# Makita router table?



## router king (Jun 9, 2016)

Hi, is there such a thing as a Makita router table? I have searched the Internet up and down and came up empty.


----------



## Stick486 (Jan 4, 2013)

couldn't find one either..


----------



## RainMan 2.0 (May 6, 2014)

Make your own Ed


----------



## hawkeye10 (Jul 28, 2015)

As a general rule router don't manufacturers make that good of a router table. You can take a piece of MDF or plywood and use it for a table plus a straight piece of wood for a fence and you have a table. I know it works because I have done it.


----------



## Shop guy (Nov 22, 2012)

Like Rick said make your own.


----------



## Stick486 (Jan 4, 2013)

router king said:


> Hi, is there such a thing as a Makita router table?

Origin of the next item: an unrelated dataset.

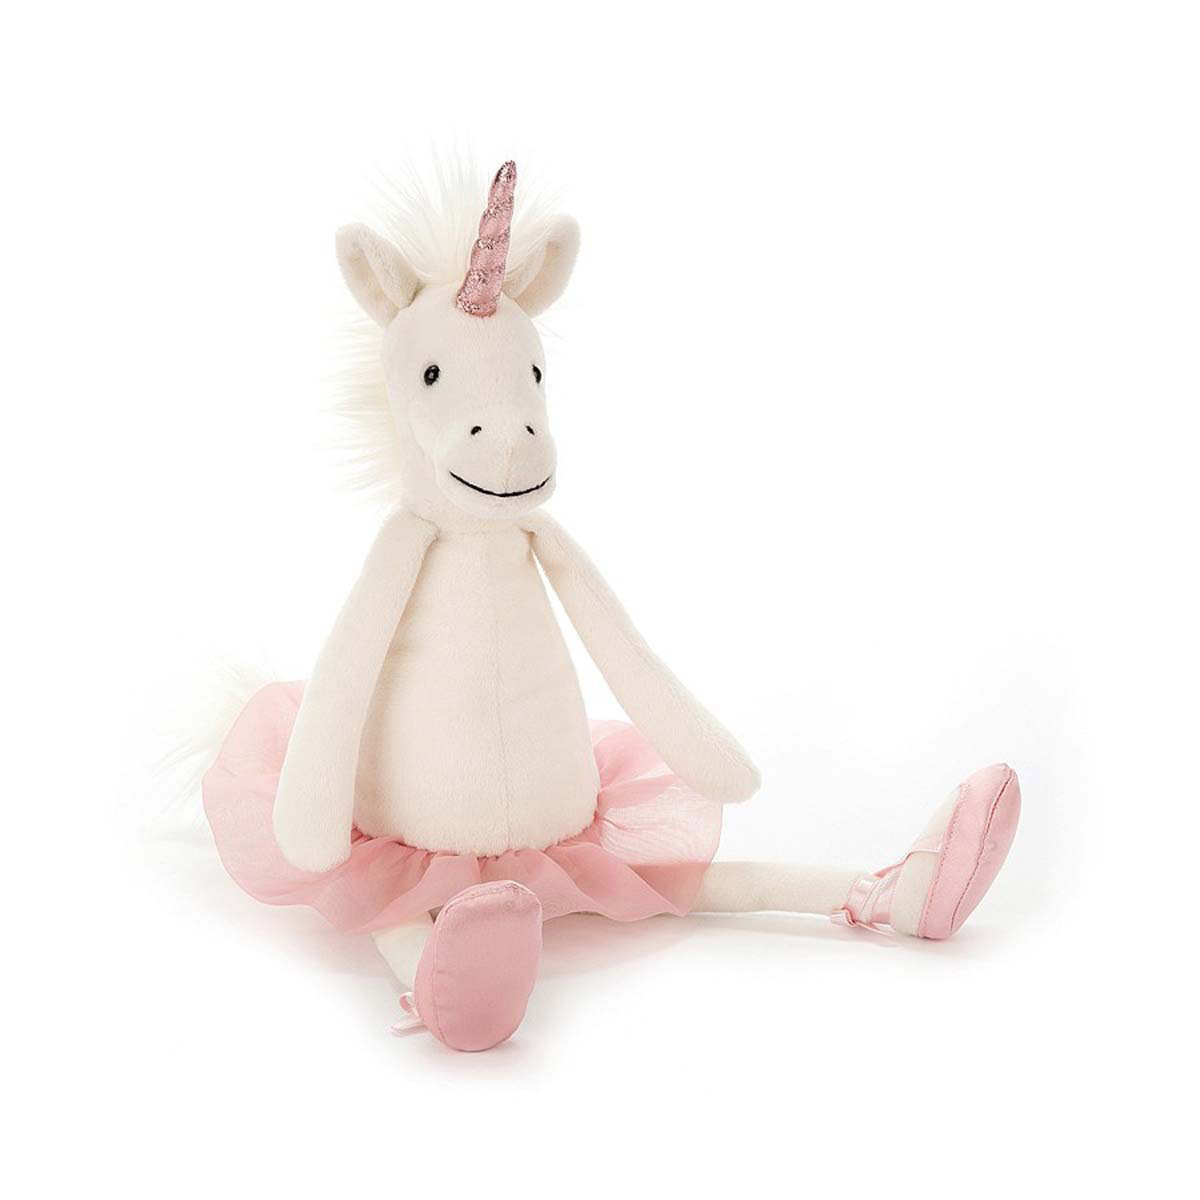 Peluche Dancing Darcey Unicorn - Medium Dancing Darcey Unicorn - Medium

I have searched the Internet up and down and came up empty.


Table-mounted Routing - Router Forums


----------



## router king (Jun 9, 2016)

Thanks for the input.
I'll check that Table-mounted Routing forum.


----------



## RainMan 2.0 (May 6, 2014)

router king said:


> Thanks for the input.
> I'll check that Table-mounted Routing forum.


If you go to the pictures thread there's some great builds there and a great place to get ideas for your own build if your inclined to make one .
I cheated and bought the top already from Incra , but will be building from the top down to my specs and storage ideas


----------